Input data below:

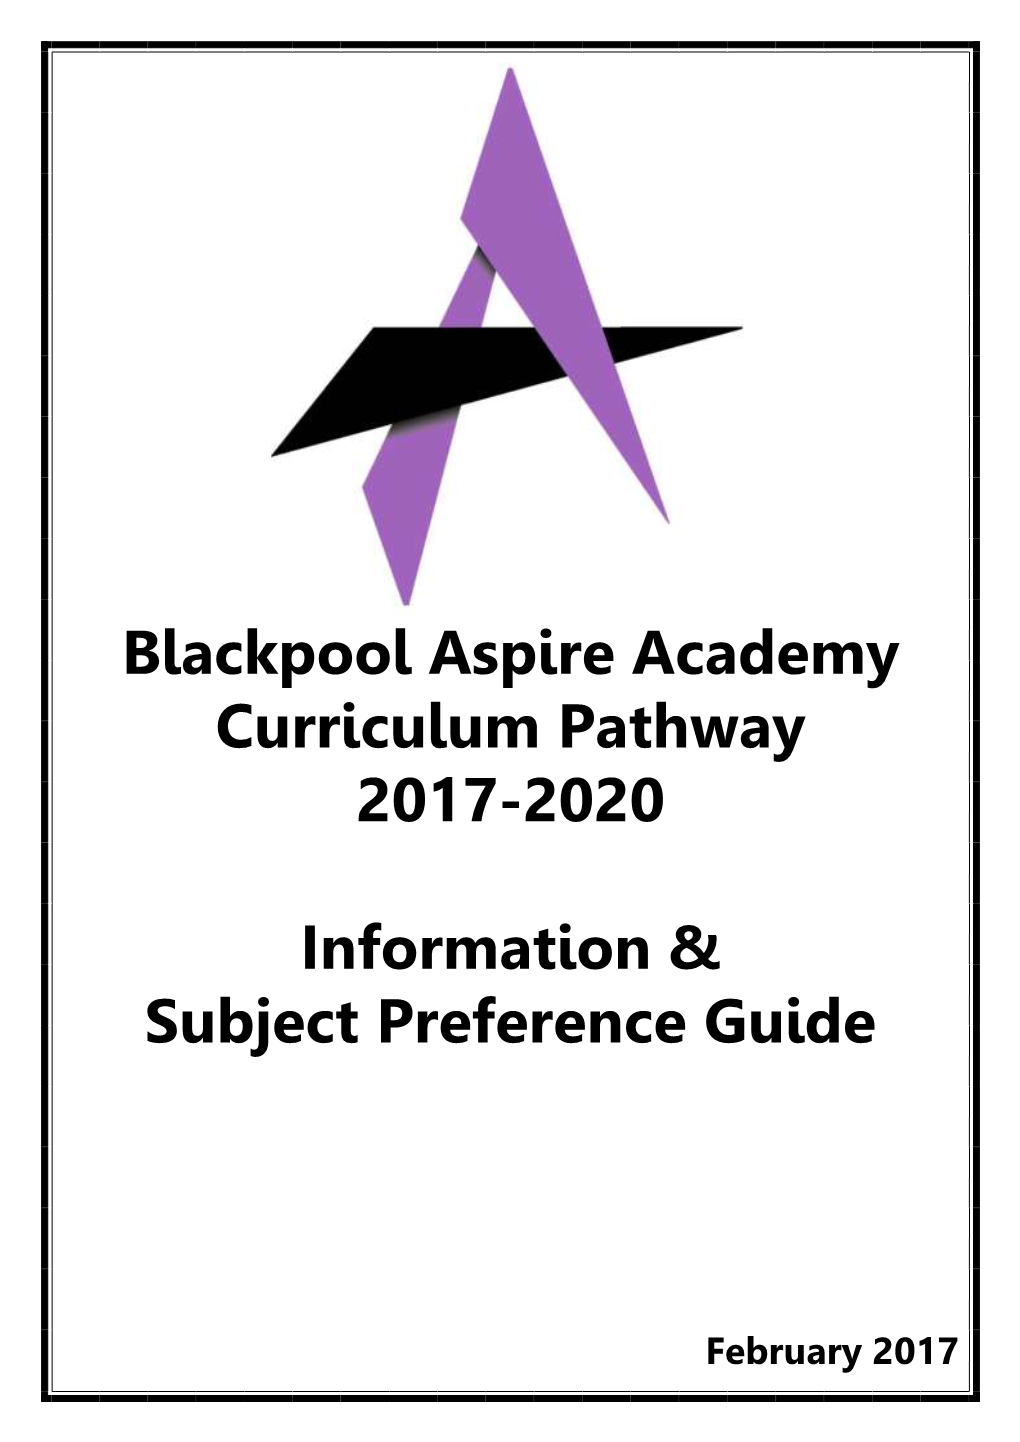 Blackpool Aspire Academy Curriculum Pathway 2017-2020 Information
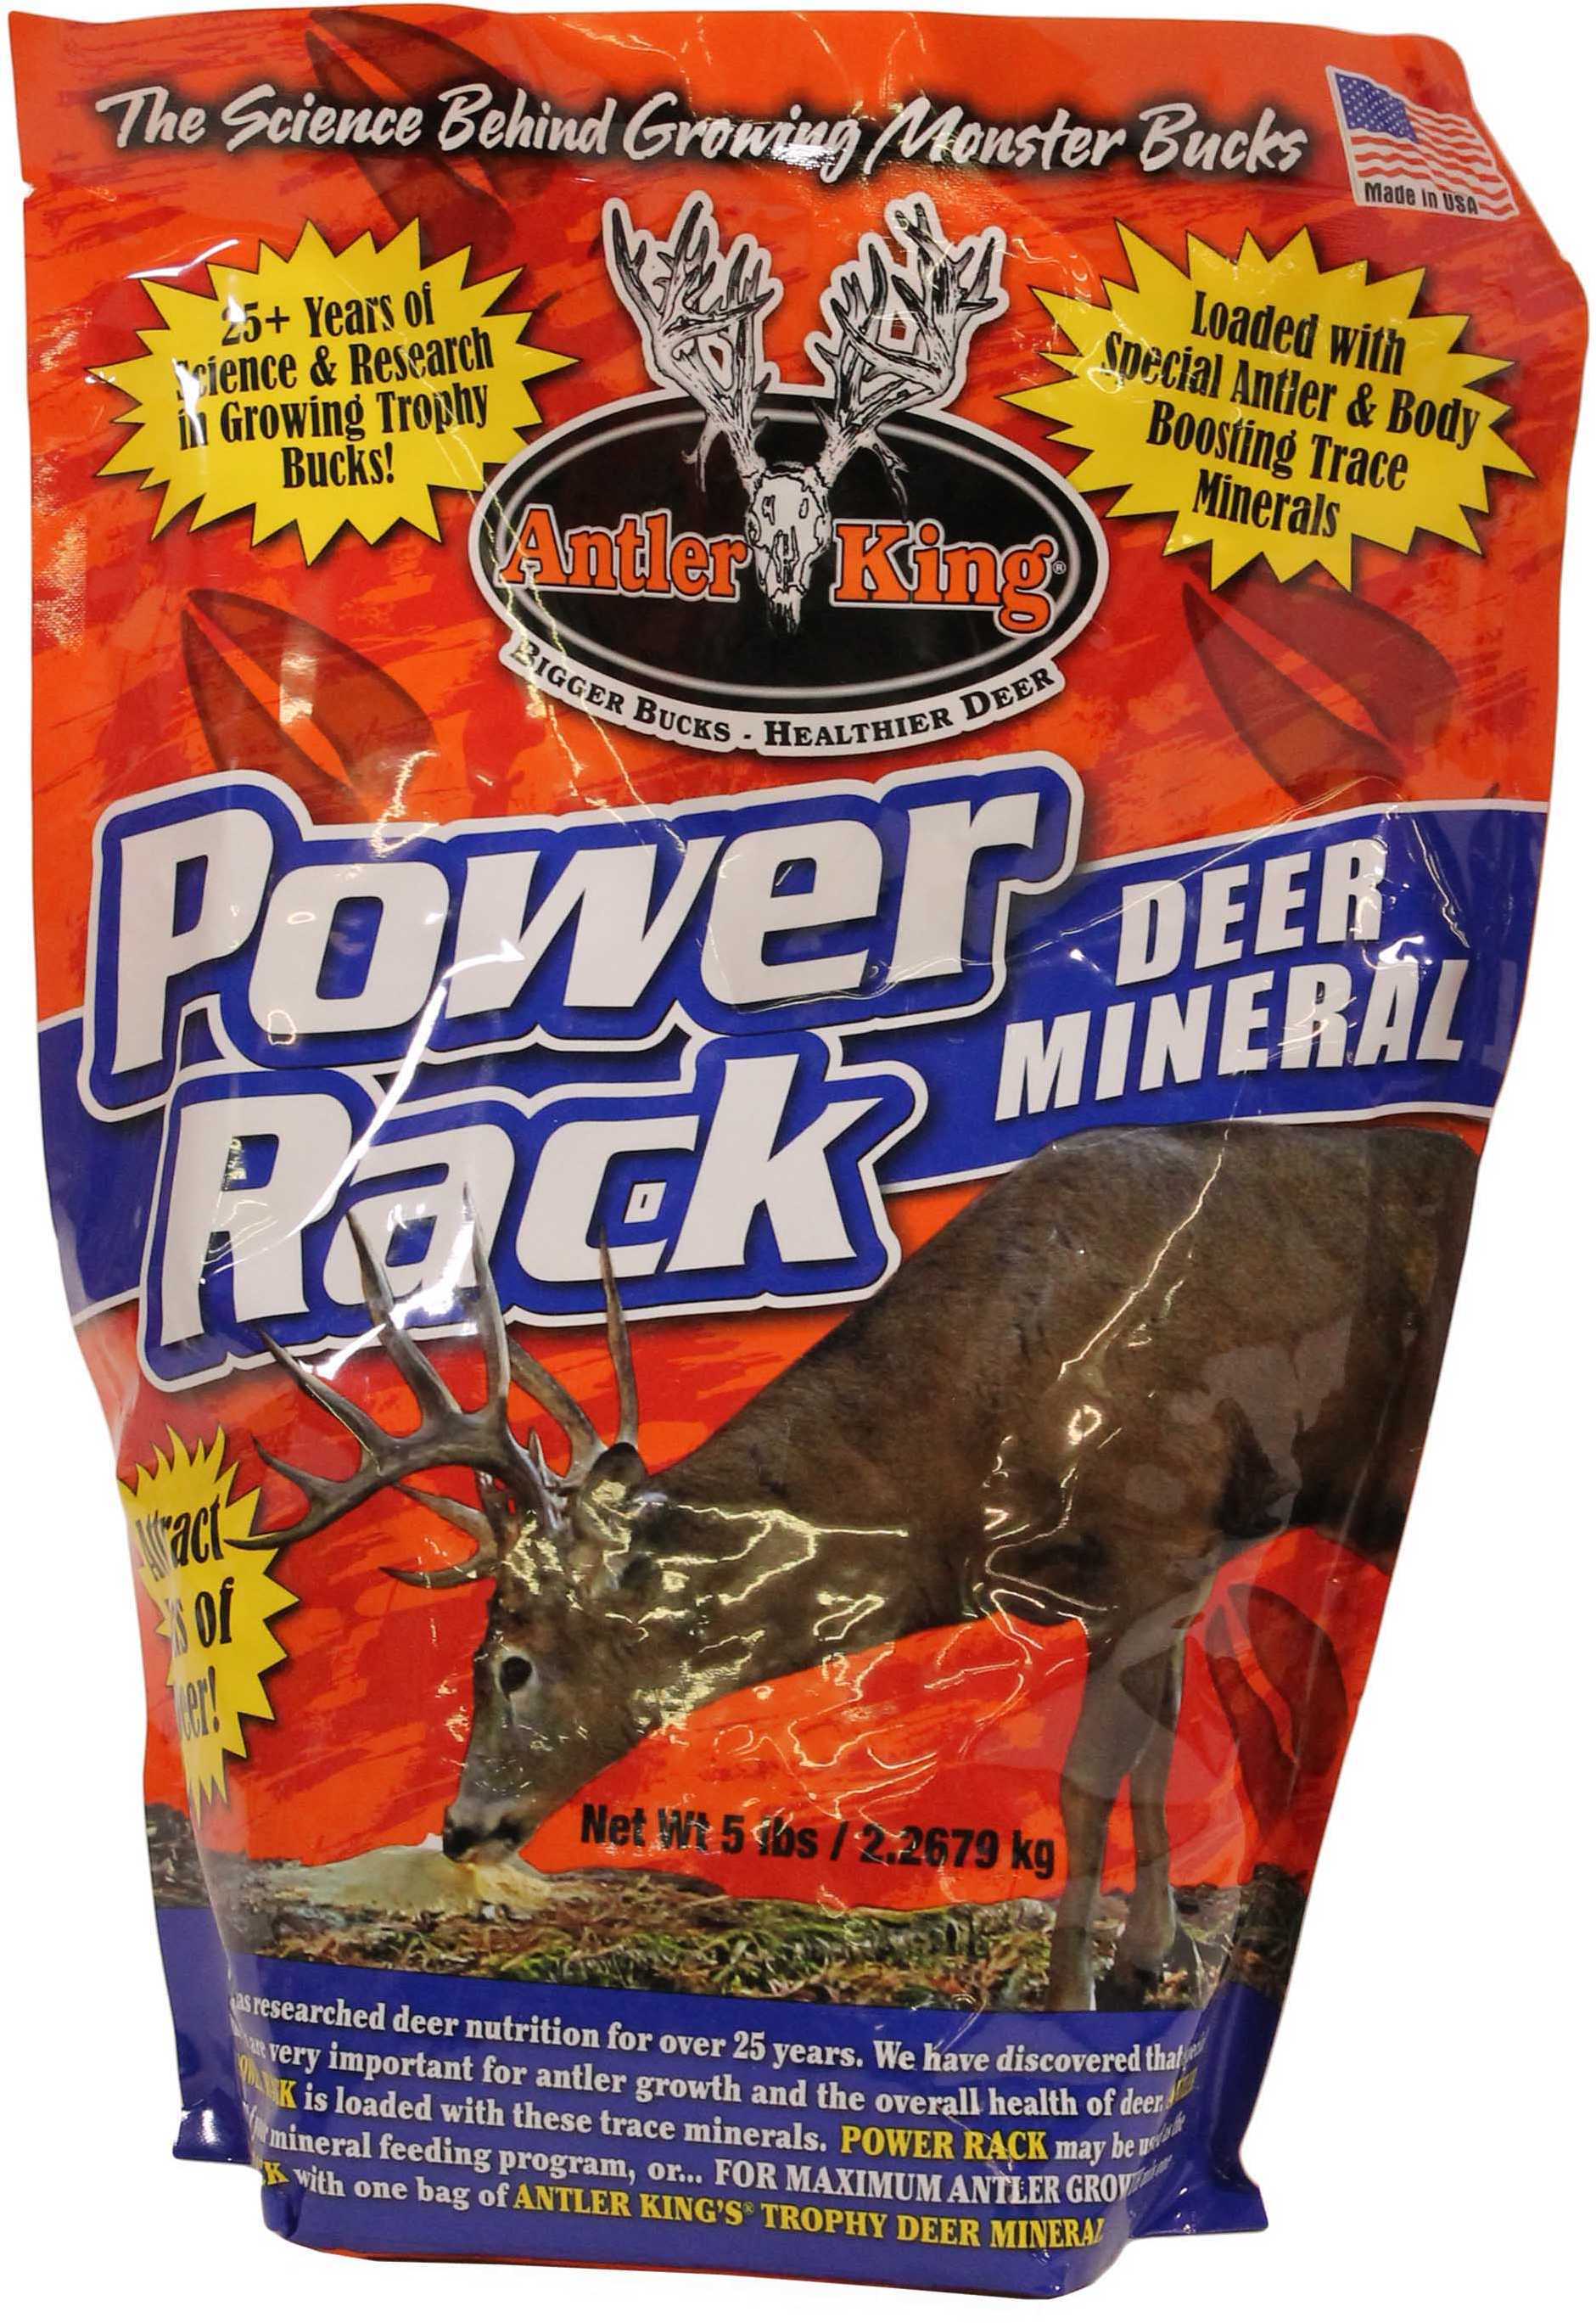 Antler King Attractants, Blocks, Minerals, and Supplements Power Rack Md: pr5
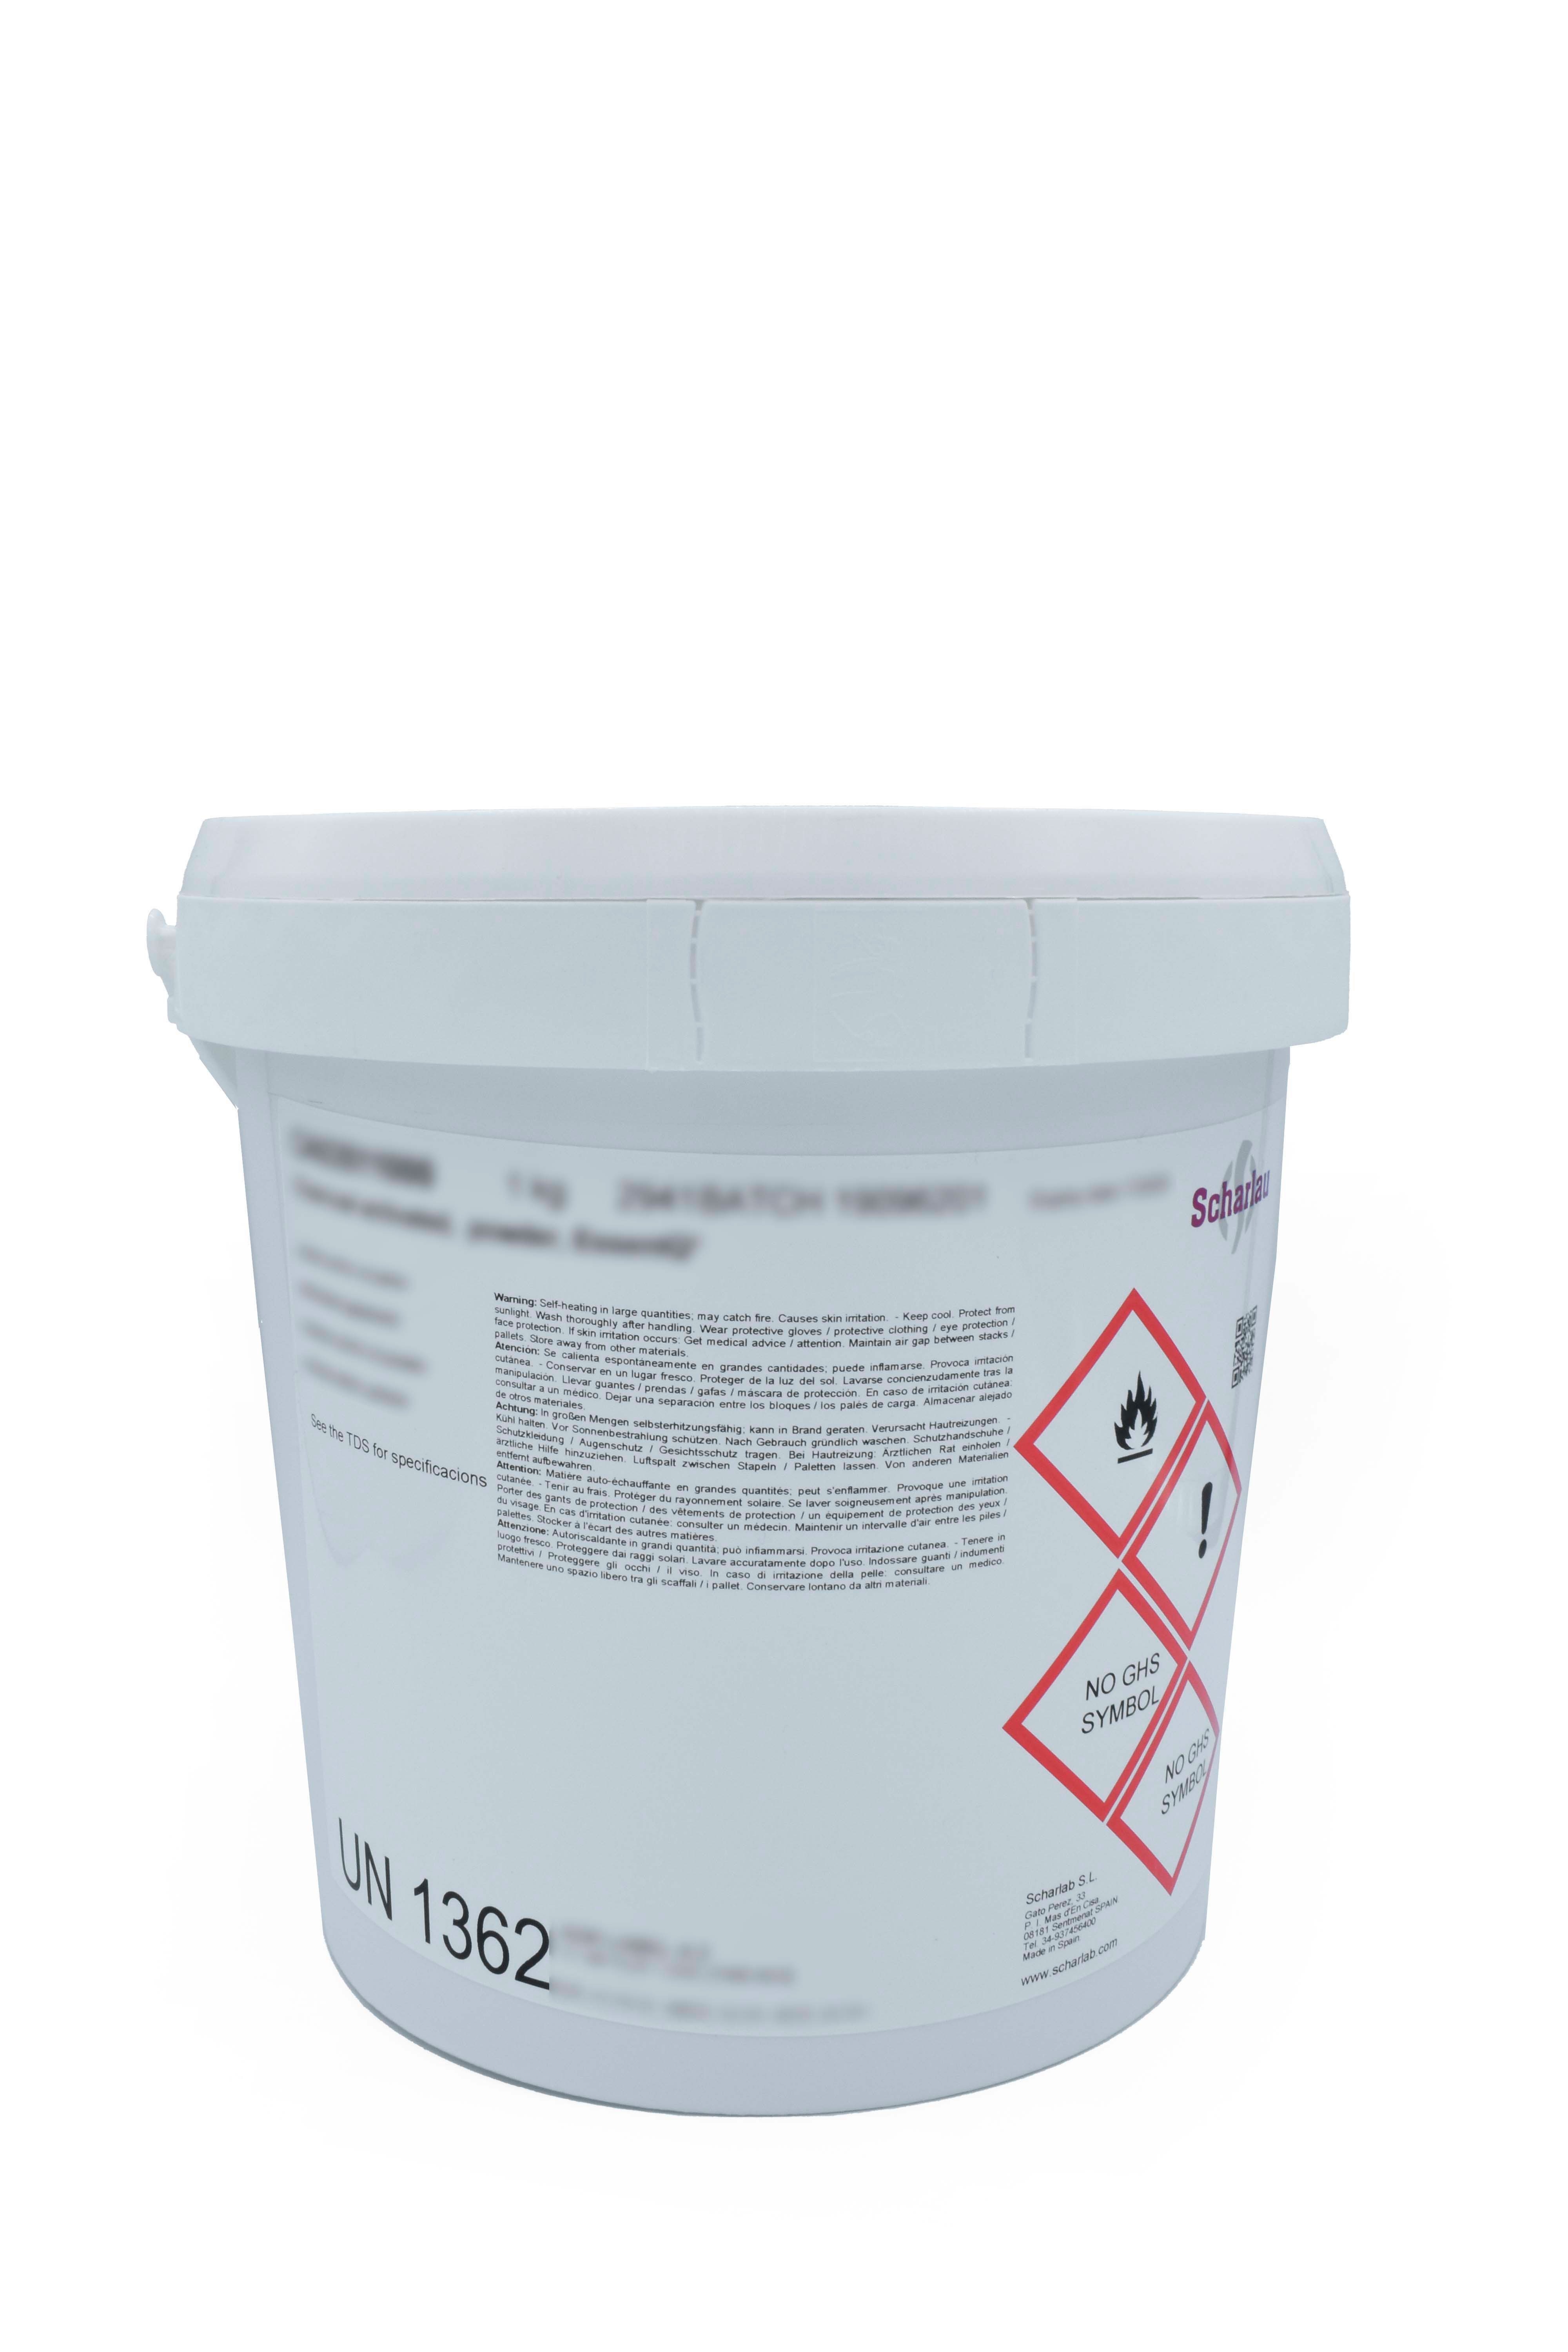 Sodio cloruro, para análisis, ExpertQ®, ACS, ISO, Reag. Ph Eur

End of Input data.

Exercise instructions: Return the data verbatim, leaving out the pictures it holds.

Answer section:
 Blackpool Aspire Academy Curriculum Pathway 2017-2020 Information
 Antler King Attractants, Blocks, Minerals, and Supplements Power Rack Md: pr5
 Sodio cloruro, para análisis, ExpertQ®, ACS, ISO, Reag. Ph Eur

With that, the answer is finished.